Your aproach is perefect and I use it all the times, But I found that more than often when stock reaches the target and you tighten the stop loss you exit the position 90% of the times due to the high volatility at taget levels, even when stock moves above the target.
I found better to exit at the target and be prepared to re-enter your position at higher price - works nicely with deep discount broker- otherwise slipage increases your losses in both winning & losing trades.
That is the correct way to do trading, Bill. We should do the "cut loss" instead of "profit loss".
But at trading we are faced with the fact that if we cut losses too early, you just realize the losses. There is still possibility that the price will return, isn't right? Sometimes it is not easy to realize losses.
The question is: when is the right time that we cut losses?
Good article & good timing. We discussed this today in our investment club meeting. I'd appreciate it if you would print a companion article verifying or debunking the theory that if we set stops, we're sure to lose the stock because the specialist will temporarily lower the price & buy it away from us. One of our leaders refuses to set stops & we've lost lots of money because of it. I have a mentor who like you, says we MUST set stops to minimize losses.

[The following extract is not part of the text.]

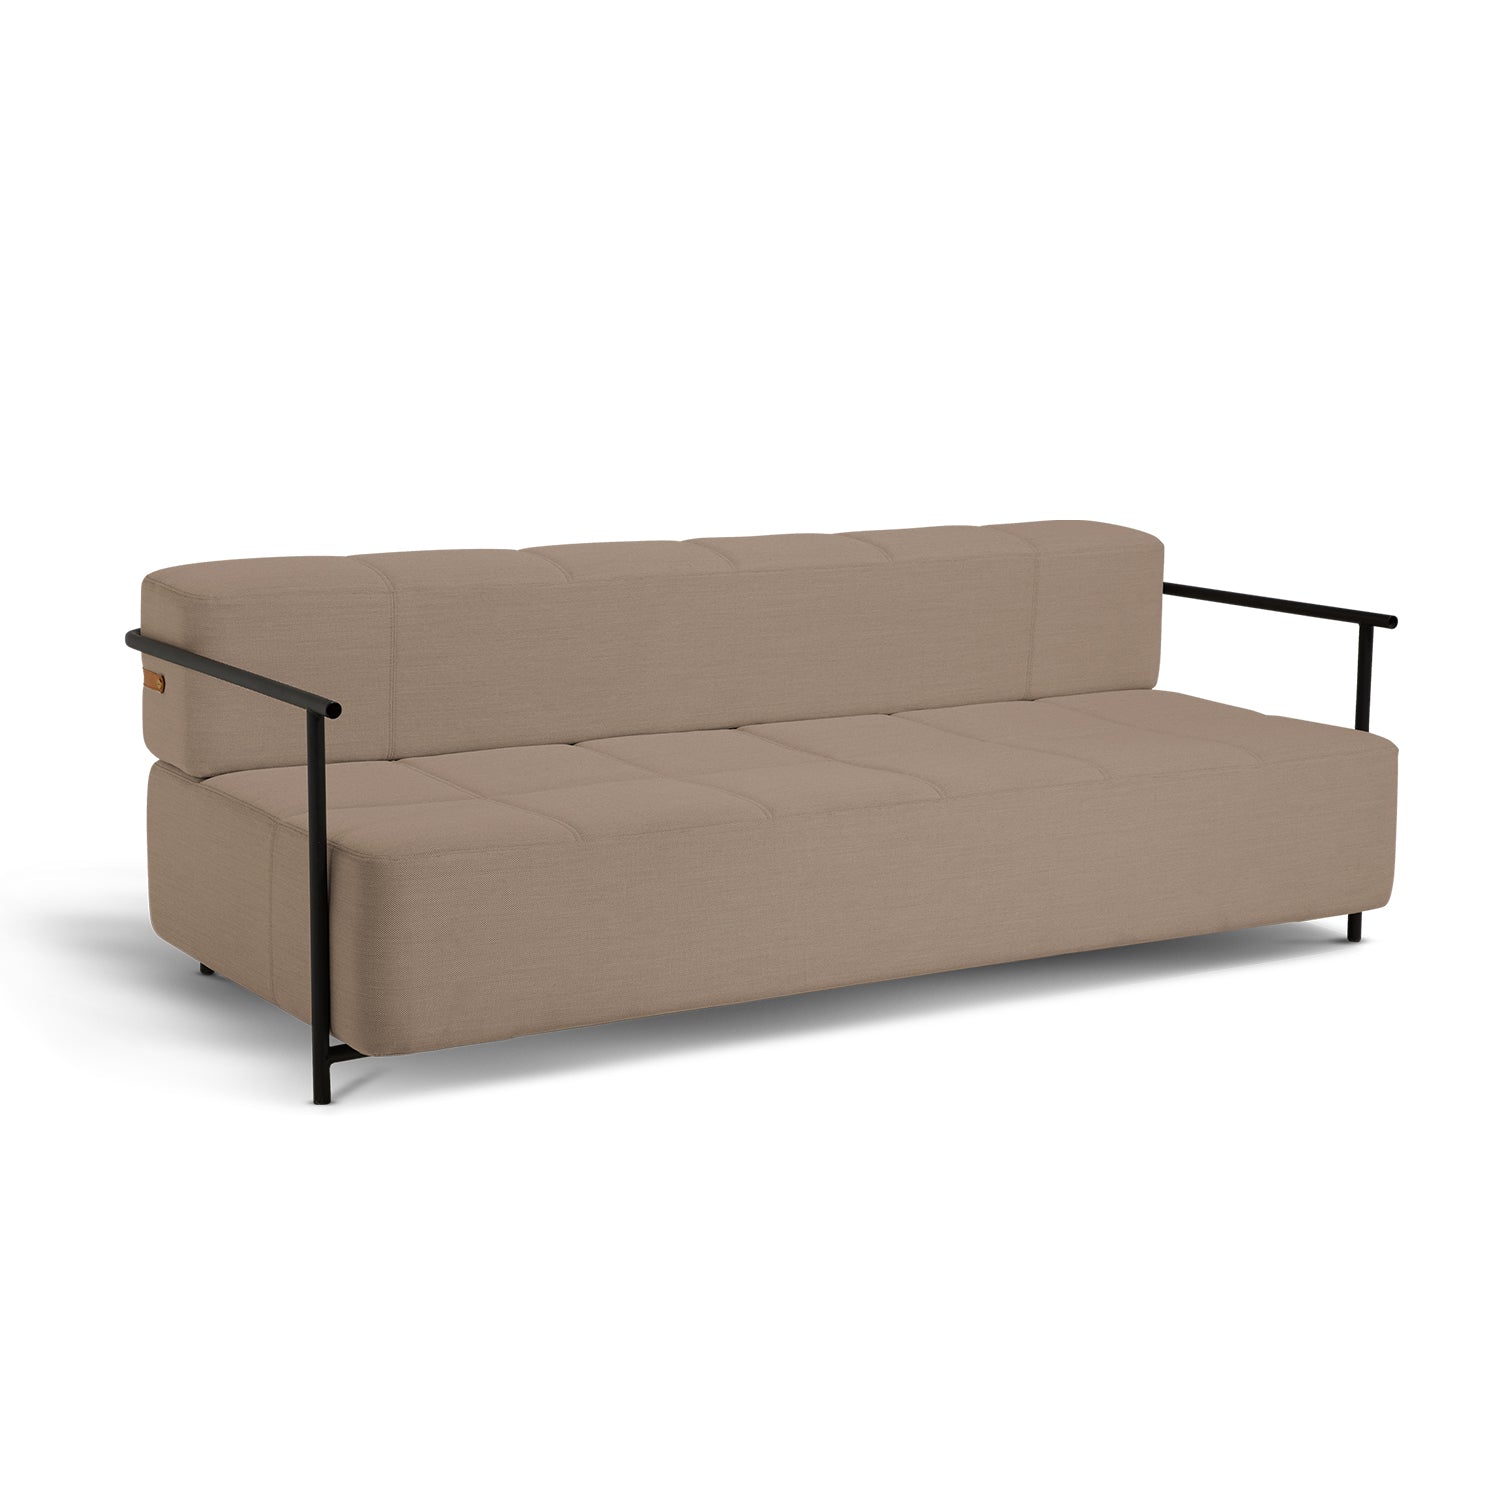 Northern Daybe Sofabed with Armrest in Light Brown

Many thanks, Nigel, I appreciate your comments.
I applaud your plan and congratulate you on some very smart trading. As they say: "You'll never go broke making a profit."
Hi Rudy. Thanks for writing. When you say that there is a concern about cutting losses too early, I think of the old adage that can become the chorus for losing: "It's going to come back." Think about examples like Enron or Worldcom and how many lost life savings with the "it'll come back" refrain. If one gets out of a position and it then does turn back up, all we have to do is re-enter. There are many strategies to make good exits. A break down through a trend line, for example, or a moving average crossover are sometimes used. In my personal opinion, cutting losses is one of the most significant differences between the successful and unsuccessful trader. You may want to check out "Trade Your Way to Wealth" to see additional thoughts on how and when to cut losses.
Hi Ed and Jeannette. Thanks for writing. While many folks seem to believe that a floor trader or specialist may drop a stock price to hit stops, every one I have spoken to vigorously denies the practice. I seriously doubt it would happen on heavily traded stocks. Imagine a floor trader trying to manipulate QQQQ, for example, to hit some stops. With that kind of volume it would be very difficult. Of course, floor traders are not stupid and know very well where levels of support and resistance are and, coincidentally know where many stops may be placed. I believe it is critically important to have some solid, disciplined exit strategy to which every trader is faithful. It could be stops, trailing stops, alerts, reaction to trend line breaks, etc. In light of your reaction to the leader's view on stops, you may want to see my views on investment groups and trading clubs in my book, "Trade Your Way to Wealth." Thanks for writing and good trading.
Bill: Thank you so much for your reply to my comment about stops. I ordered your book immediately after writing my comment. We appreciate your educational material and use it in our investment club work.
Hi Ed and Jeannette. Thank you for ordering my book. I hope it adds to your trading success.